5. Explore a greater number of future scenarios. In a world where “black swan” events seem to happen fairly regularly, you should invest time in looking at how alternate realities could affect your results. Futures modeling that uses a variety of extreme trends can really put you in touch with what could happen—both good and bad.
6. Do a few things very well. Most companies want to do too much. In the process, they starve good ideas by funding marginal ideas at the same time. Steal a play from the Apple book: Pick one thing that matters to your customers that your competitors do miserably and own the world-class solution to it.
7. Become a wizard. Invest time in training yourself on something you find vexing to understand or manage. Social media?
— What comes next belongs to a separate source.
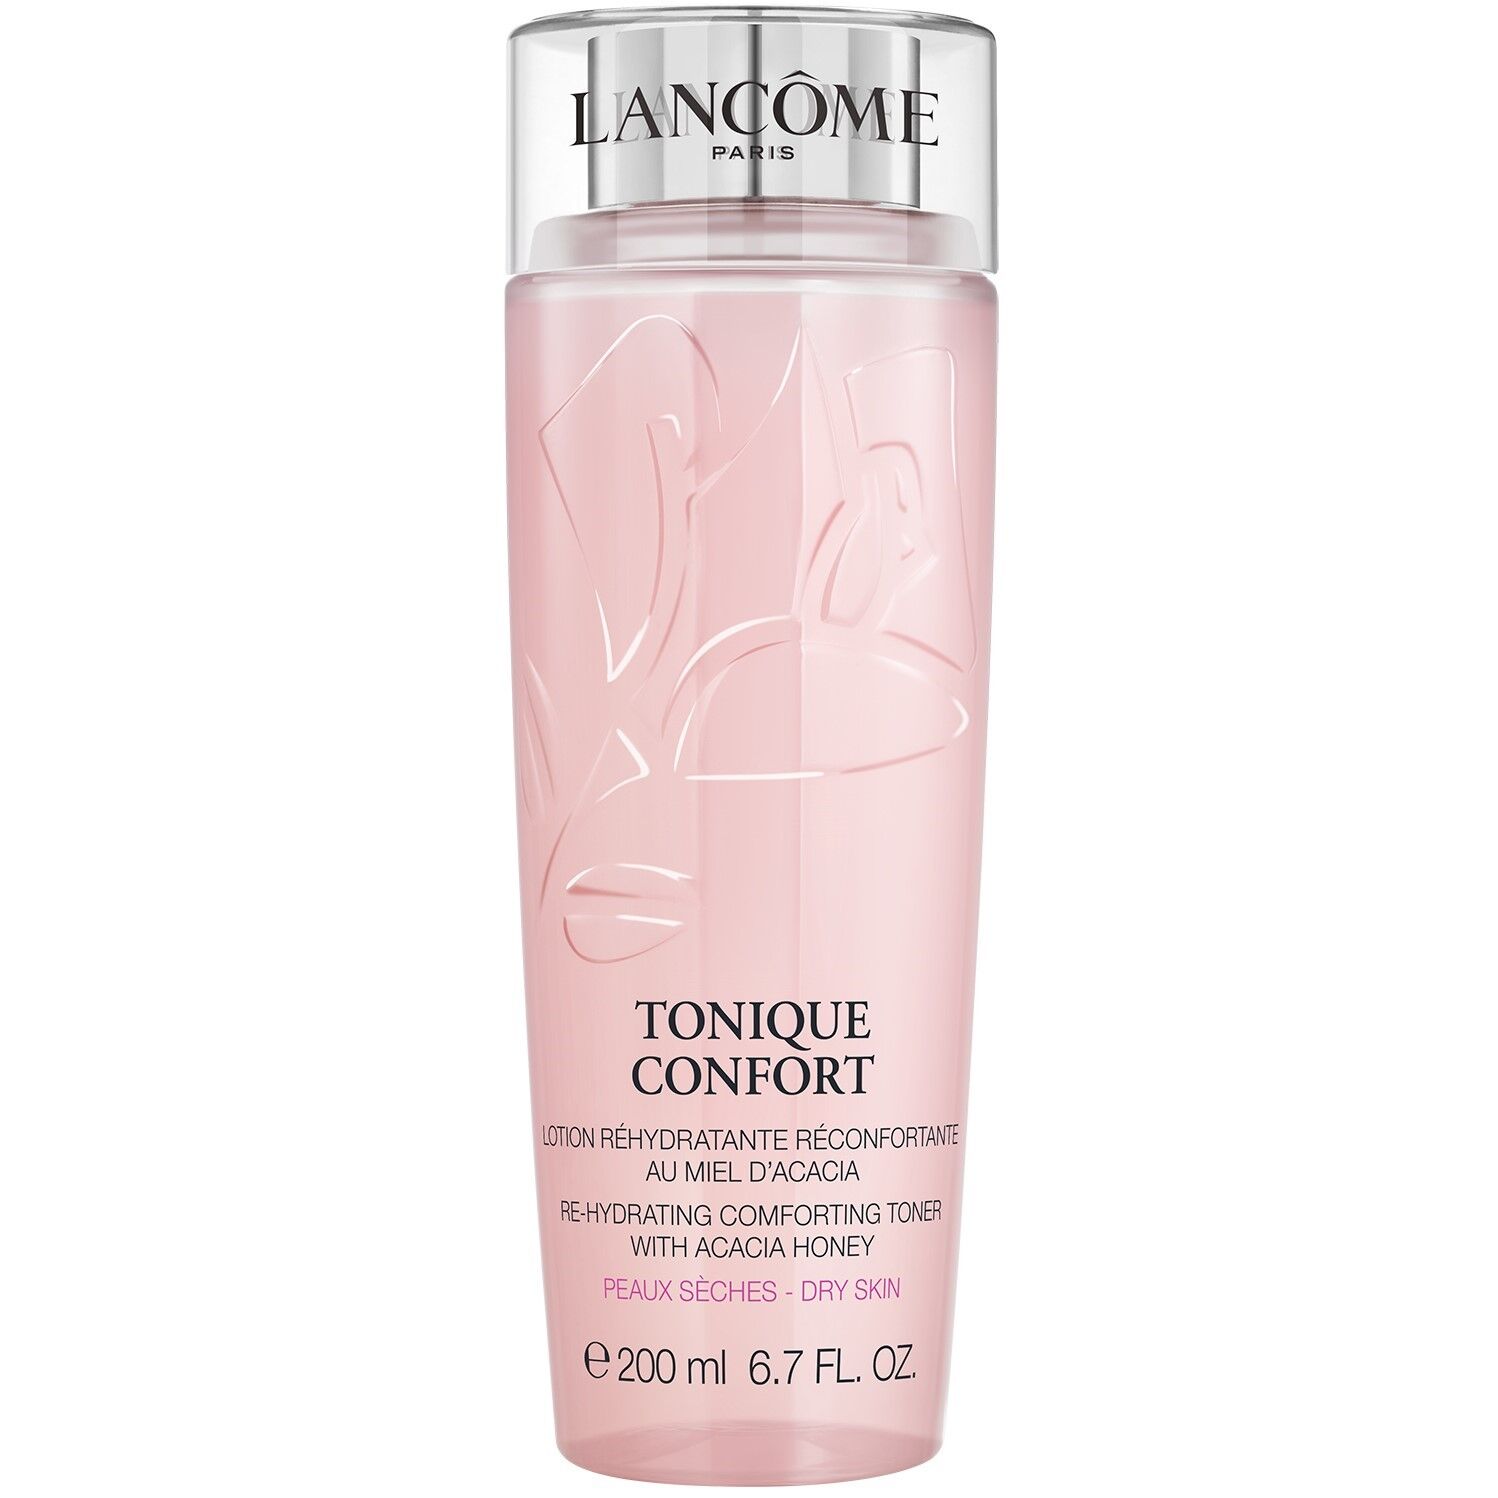 Lancôme Tonique Confort Tónico rehidratante para pieles secas 200mL

Design thinking? Open innovation? Emerging markets? You’ll find no shortage of topics to master if you want to stay ahead of the pack. Treat yourself to some new wisdom.
8. Fight for labor reform. I’ve noticed a common denominator in industries where the U.S. lags in terms of innovation and customer experience: the existence of strong labor unions that have fought to maintain the status quo in the face of dramatically changing market conditions. The health-care, education, and public transportation industries rank among the worst when it comes to putting customers before workers. If we are to stay competitive, these workforces need radical transformation—sooner, rather than later.
9. Hire more millennials. The super-smart, high energy, socially minded, can-do people aged 21-34 are experiencing a very high rate of unemployment at the moment. If you want to revitalize your company with positive energy, look no further for fuel for the fire.
10. Stop doing unproductive stuff. Make room for doing new types of productive things by jettisoning ones that aren’t helping you move ahead in a significant way. Meetings, people, processes, and “duties” all make good candidates for reform or elimination.